- _Exercise description_:
Each word in the data below should be copied exactly; the images should not.

- _Raw data_:
═══

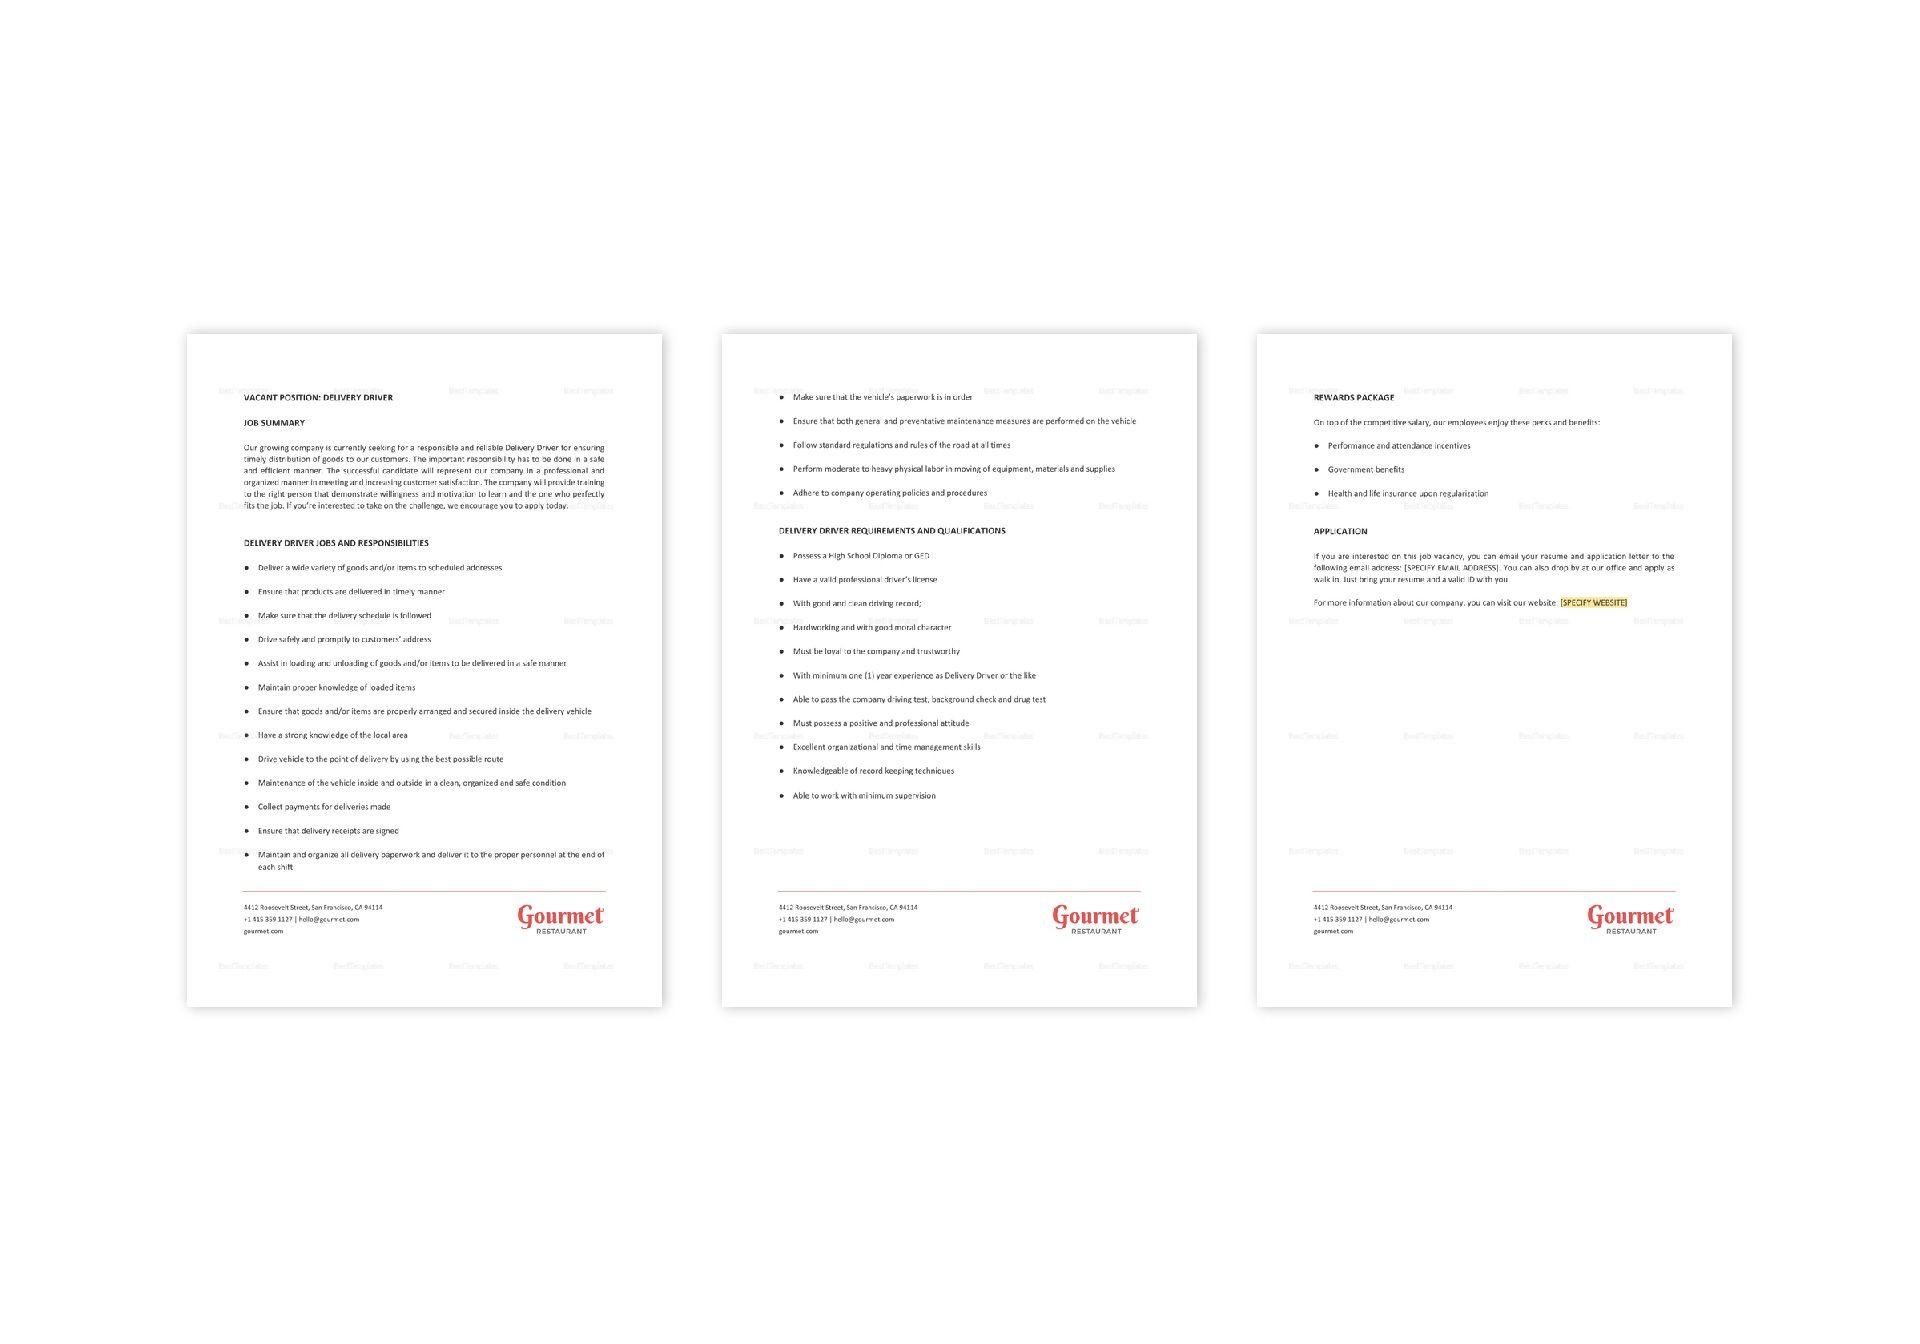 Restaurant Delivery Driver Job Description Template in
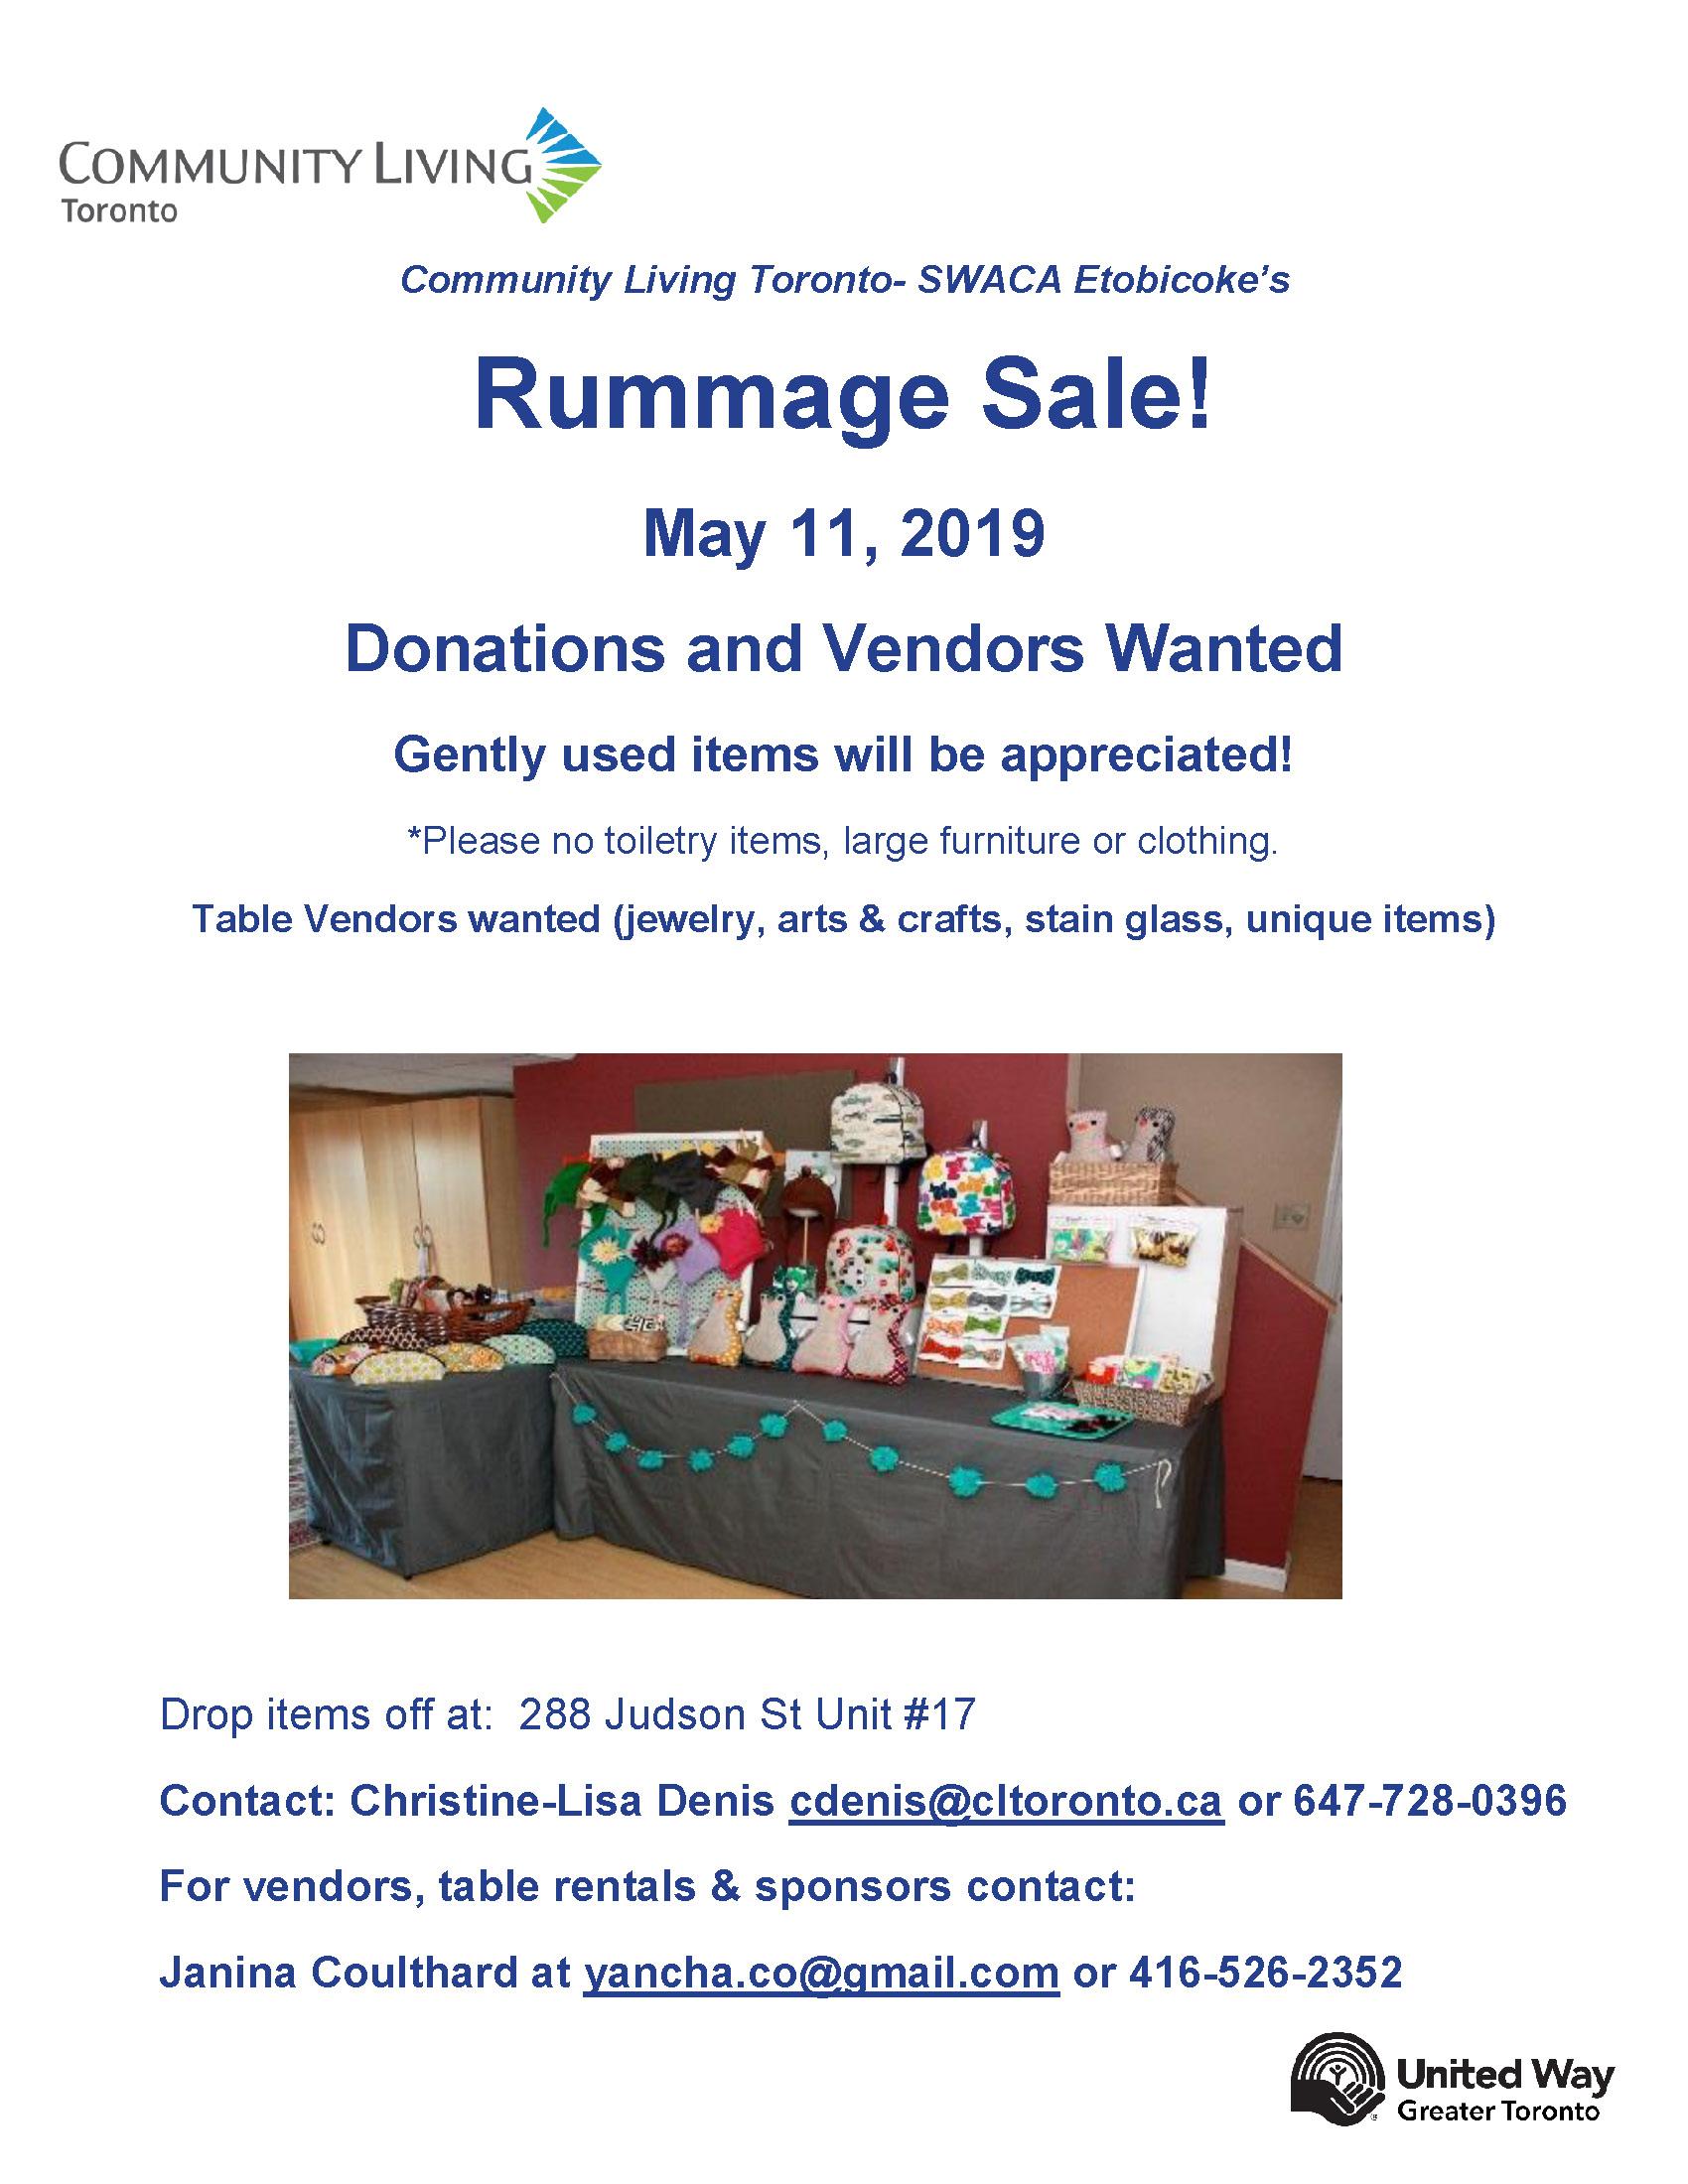 Rummage Sale- Donations
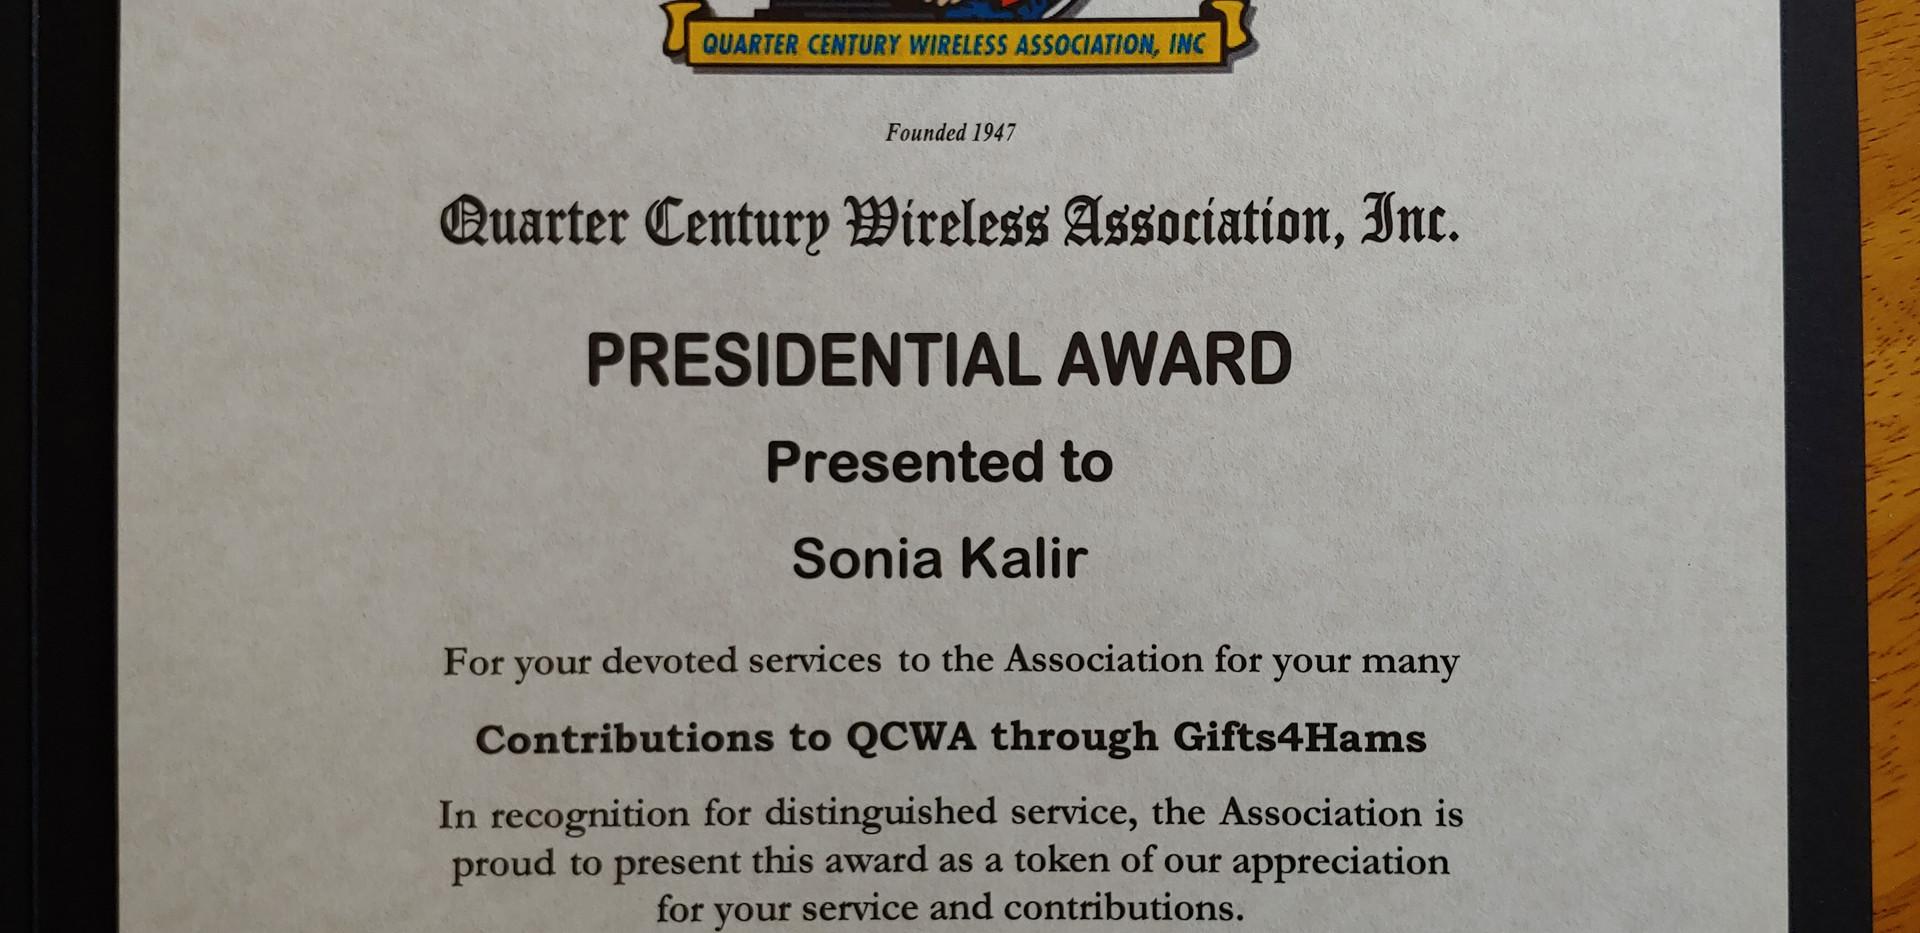 Presidential Award - Sonia

═══

- _Task response_:
 Restaurant Delivery Driver Job Description Template in
 Rummage Sale- Donations
 Presidential Award - Sonia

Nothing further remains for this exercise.